Innovating structures - illustration practice prototypes new possibilities in research

Grandfield, Geoffrey (2021) Innovating structures - illustration practice prototypes new possibilities in research. In: Education and Illustration : Models, Methods, Paradigms, 11th Illustration Research Symposium; 11-12 Feb 2021, Kingston, U.K. (Held online). (Unpublished)


The paper will provide an overview of issues and considerations that relate to supervising Illustration Practice (IP) based doctoral research, applying innovatory research methods to establishing new knowledge and its effective sharing. The lack of discipline specific research, theory and critical analysis maintains Illustration as an overlooked academic practice. Emergent understandings of expanded IP as a research tool collide with entrenched associations and academic / cultural / systemic bias. University Research culture has been dominated by the alpha-numeric dualism of either quantitative values such as particularity and conclusive results, or qualitative enquiry through process orientated exploratory breadth and interpretation. Both historically communicated through the non-visual prisms of words and numbers. These tools limit and perhaps distort ontological enquiry. IP presents the locus and identity for diverse ways of working that can combine art, design, technology and science and the capability to exist in both qualitative and quantitative research realms. While the natural location in the academy for Illustration research practice appears to be in the latter, illustration has been defined by its use by the more economically significant former. The academic world of quantitative fact appears to distrust pictures unless employed as a representational ‘fig.1’. and categorises illustration as a commercial mass consumption mimetic. That may be partly true when commodified, but its methodological ability to generate from the emotional life of society is one of its great strengths and potential for new knowledge.
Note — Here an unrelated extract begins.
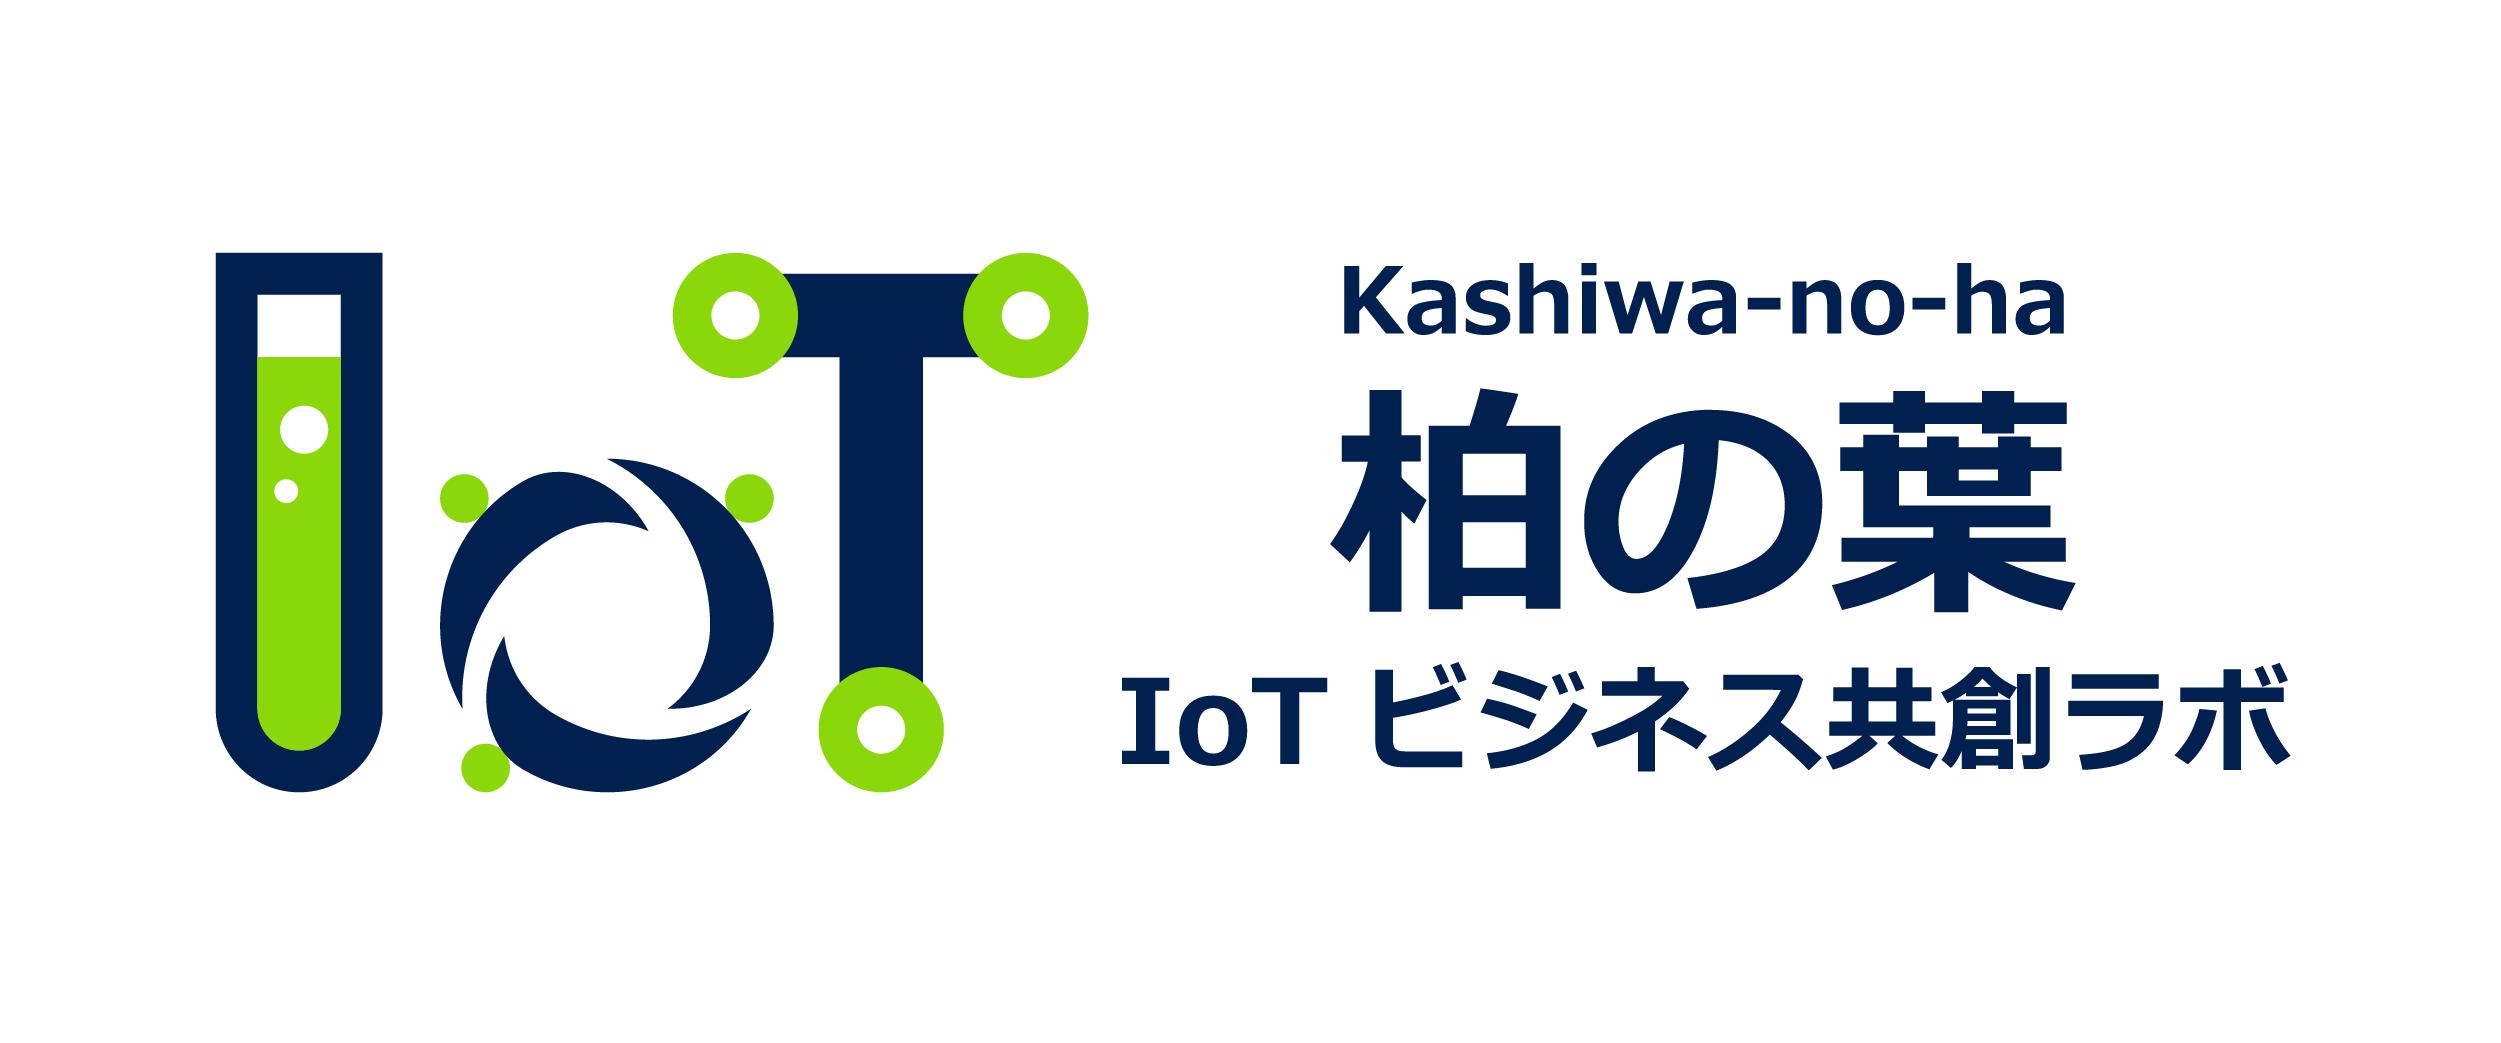 Innovation Field KASHIWA-NO-HA|「イノベーションフィールド柏の葉」はAI・IoTおよびライフサイエンス・メディカルの2分野にフォーカスを絞り、柏の葉のまち全体でプロジェクトの受け入れを行い、新たな製品・サービスを共に生み出していくプラットフォームです。

The inherent plasticity of the discipline contributes a bridging device between the opacity of academic disciplines. Understanding the positioning of creative interpretative image generation within academic structures, how IP methodology contributes research outcomes and can be used by a larger research community is a key consideration for IP based doctoral research. Illustration as more than a representational form is a key part of the validation of interpretative practice and a new understanding of its societal value.